== Available records ==
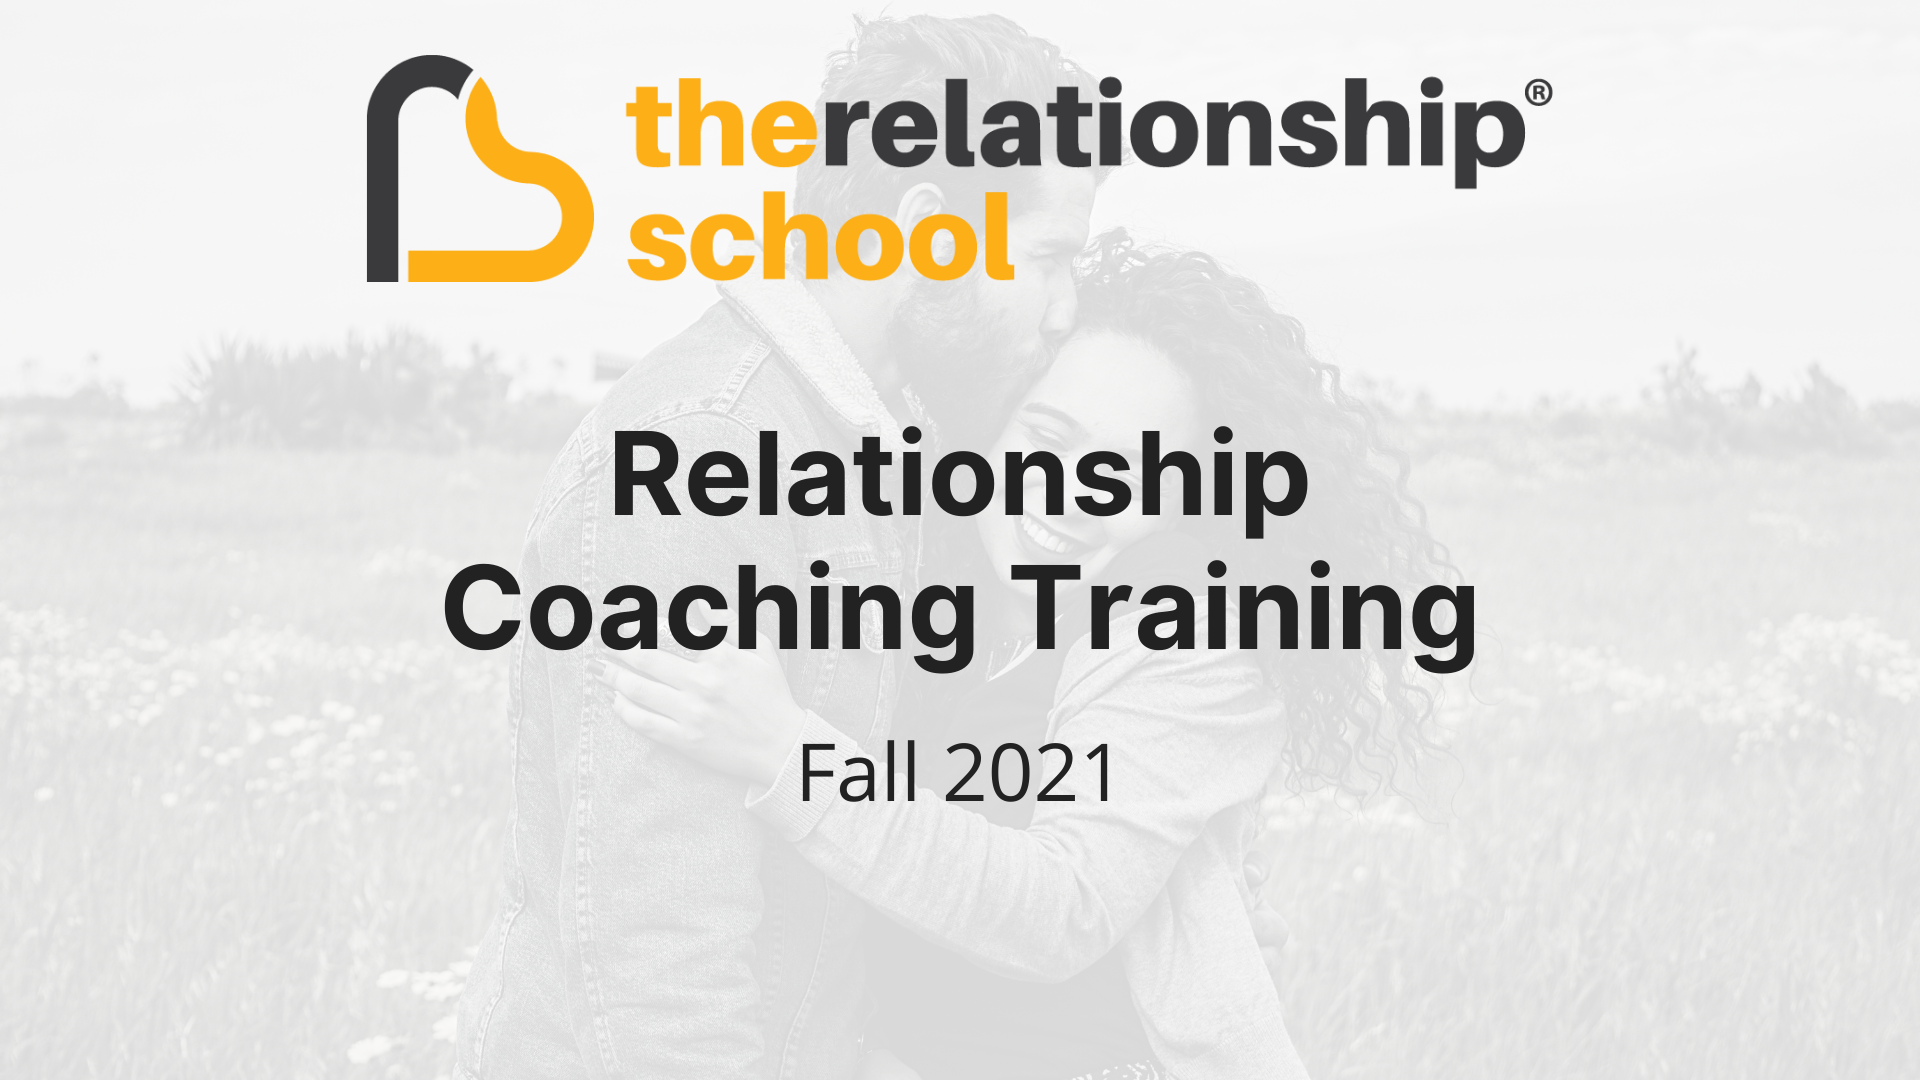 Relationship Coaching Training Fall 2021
* * *
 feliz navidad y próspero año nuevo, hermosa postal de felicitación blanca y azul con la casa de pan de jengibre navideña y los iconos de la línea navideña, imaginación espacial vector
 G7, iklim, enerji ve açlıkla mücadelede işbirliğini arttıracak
...
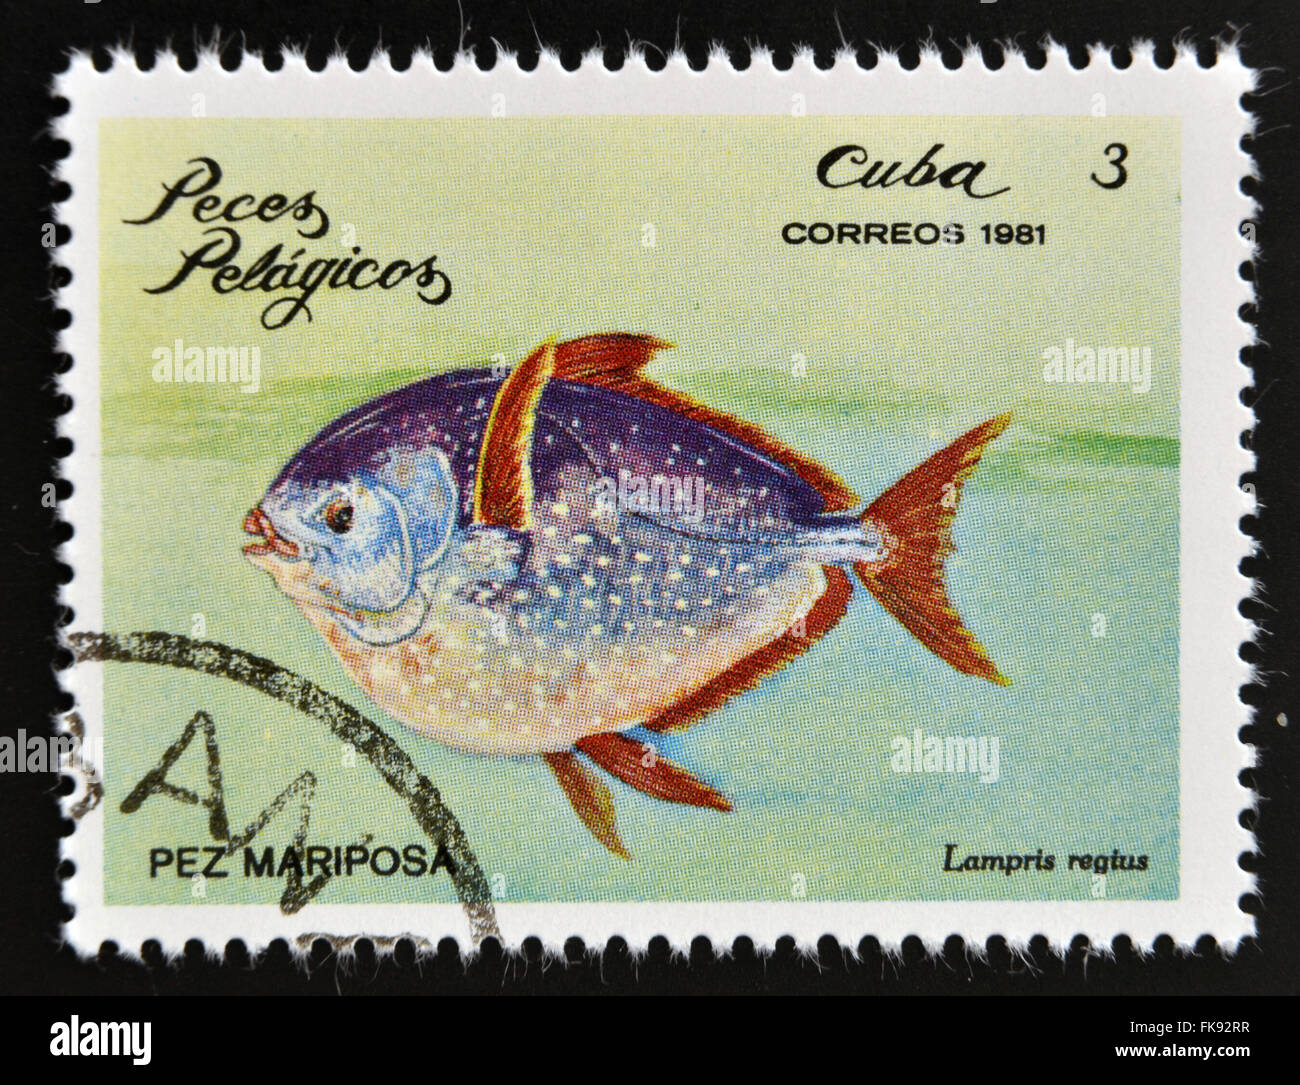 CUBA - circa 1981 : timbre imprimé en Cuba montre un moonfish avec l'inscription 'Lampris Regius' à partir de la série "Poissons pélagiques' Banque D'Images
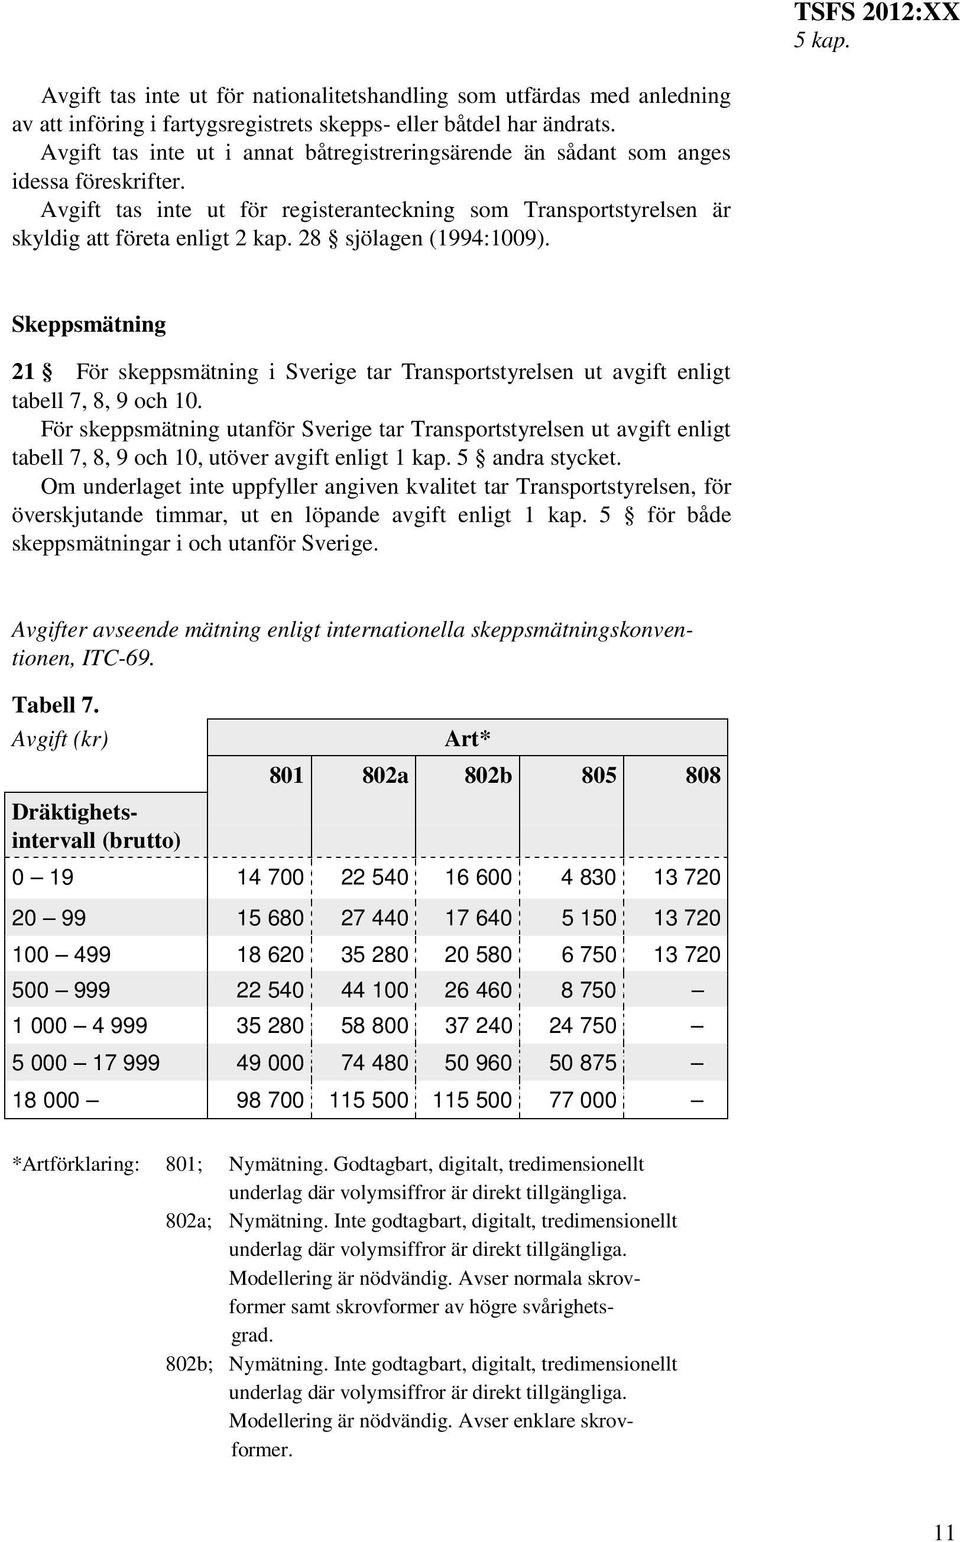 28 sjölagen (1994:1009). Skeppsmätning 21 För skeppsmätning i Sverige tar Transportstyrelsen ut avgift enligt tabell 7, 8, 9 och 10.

== Exercise ==
Could you restate, word for word, the lines above from the one with "feliz navidad y" to the one with "G7, iklim, enerji", both included?

== The answer ==
 feliz navidad y próspero año nuevo, hermosa postal de felicitación blanca y azul con la casa de pan de jengibre navideña y los iconos de la línea navideña, imaginación espacial vector
 G7, iklim, enerji ve açlıkla mücadelede işbirliğini arttıracak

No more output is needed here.